Coca-Cola’s financial support for the ambiguously named ‘Global Energy Balance Network’ headlined the New York Times in August, prompting global outcry. Citing lessons from Big Tobacco’s similar tactics, the public health world called for greater clarity on exactly what – and whom – Big Soda is funding.
In a public-relations induced ‘commitment to transparency,’ Coke has since released details of US$120 million spent on grants to medical, health and community organizations in the United States alone since 2010. Of this, $21.8 million went to scientific research and $96.8 million to support ‘health and well-being’ partnerships. With good evidence that the source of funding does indeed influence research outcomes and policy processes, the public has a right to be concerned.

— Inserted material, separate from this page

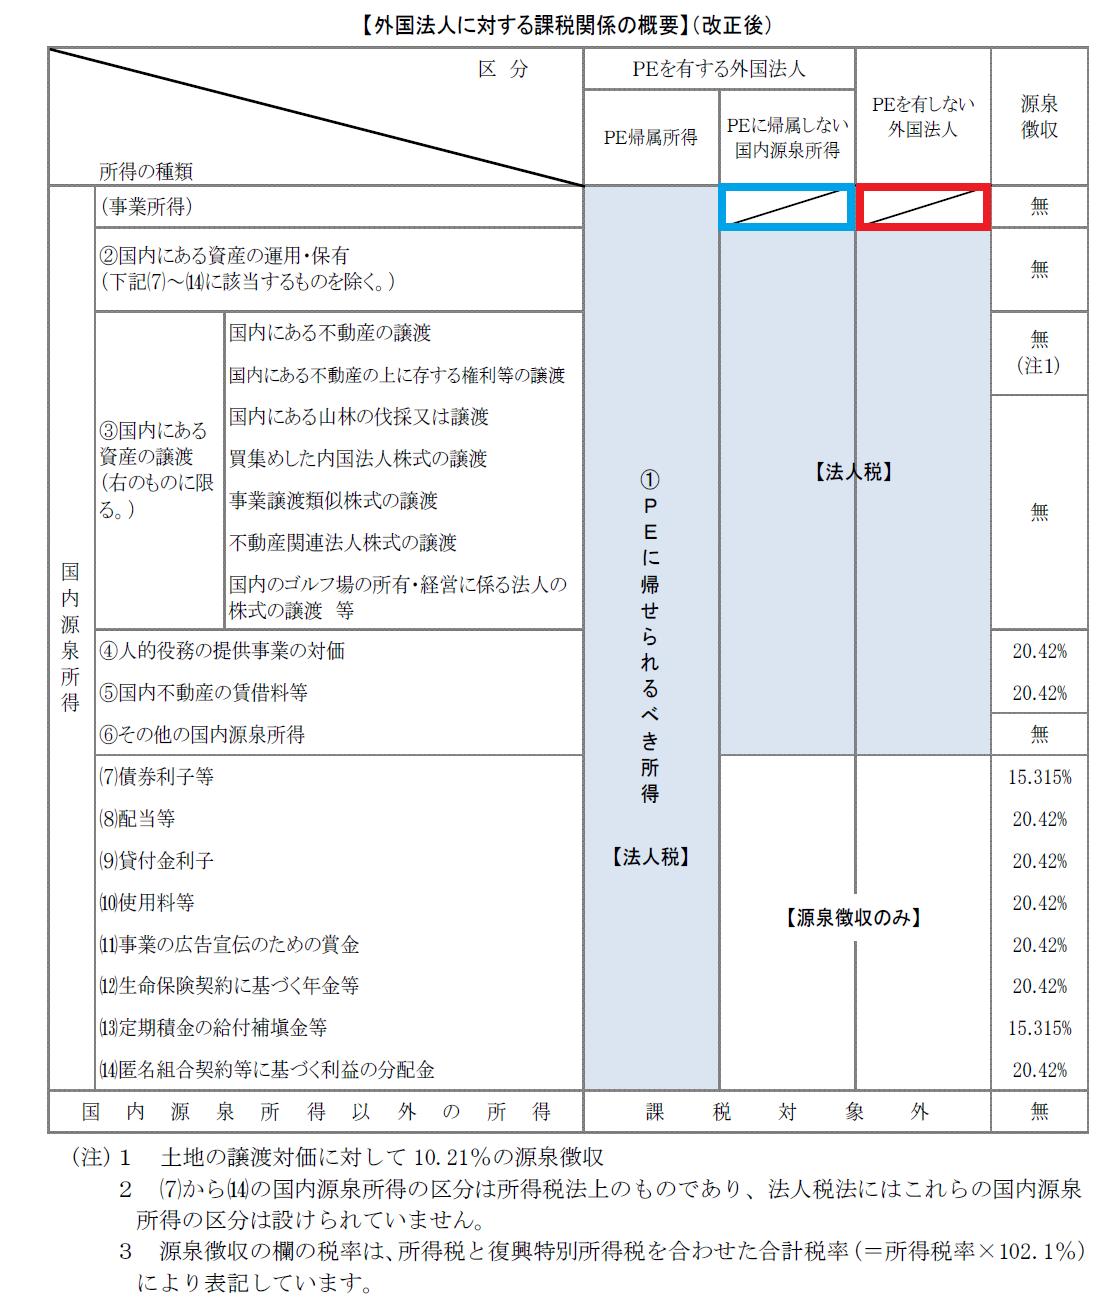 %e5%a4%96%e5%9b%bd%e6%b3%95%e4%ba%ba%e3%81%ab%e5%af%be%e3%81%99%e3%82%8b%e8%aa%b2%e7%a8%8e%e9%96%a2%e4%bf%82%e3%81%ae%e6%a6%82%e8%a6%81%ef%bc%88%e6%94%b9%e6%ad%a3%e5%be%8c%ef%bc%89

The unfolding story of the Global Energy Balance Network highlighted the conflicted nature of Coke-funded research. Money spent has diverted conversation away from ‘calories in’ toward a focus on people not exercising enough. These efforts are a strategic attempt to shift international debate around obesity, and to shift it conveniently away from the side of the equation where Coke’s own products are directly implicated. In a nation where soda is a leading contributor to diet calories, where more than one third of adults are obese, and in the year that the World Health Organization released sugar guidelines clearly recommending reduction of free sugars, Coke continues tout the solution as ‘active living’. These messages deceive consumers and undermine public health. The issue is not only that Coke funds research biased to favour their position that obesity’s solution does not lie in greater regulation of their products, but also that funded scientists and experts become key actors in building and maintaining their corporate legitimacy.
Health and wellbeing?
This month, new information about the extent of Coke’s ‘health and wellbeing’ partnerships is perhaps even more astonishing. These are organizations that have received financial support between 2010 and 2015 in the United States – and the list is extensive. Recipients include influential medical organizations – the American Academy of Family Physicians ($3.5 million), American Colleges of Cardiology ($3.1 million) and Paediatrics ($2.9 million), American Cancer Society ($1.9 million), American Diabetic Association ($1.1 million) and the Academy of Nutrition and Dietetics ($672,000). Hints of these financial ties are seen, for example, in Coke’s ‘gold’ sponsorship of the American Academy of Paediatric’s “HealthyChildren.org” website where it is listed among ‘distinguished’ companies, committed to ‘better the health of children worldwide’.
Diabetes, dentistry, cardiology, cancer, paediatrics and more – the list goes on. And on.
Funding of minority groups like the NAACP and Hispanic Federation in New York may be particularly concerning. Both groups subsequently supported the soda industry’s challenge to then-Mayor Bloomberg’s proposed ban on large sugary drinks – yet both represent the populations most at risk from obesity, diabetes and heart disease; diseases linked to soda consumption.
Aside from medical organizations, Coke spent heavily on athletic groups, parks and community organizations – Scouts, Boys & Girls Clubs – many of them with a focus on (impressionable) youth.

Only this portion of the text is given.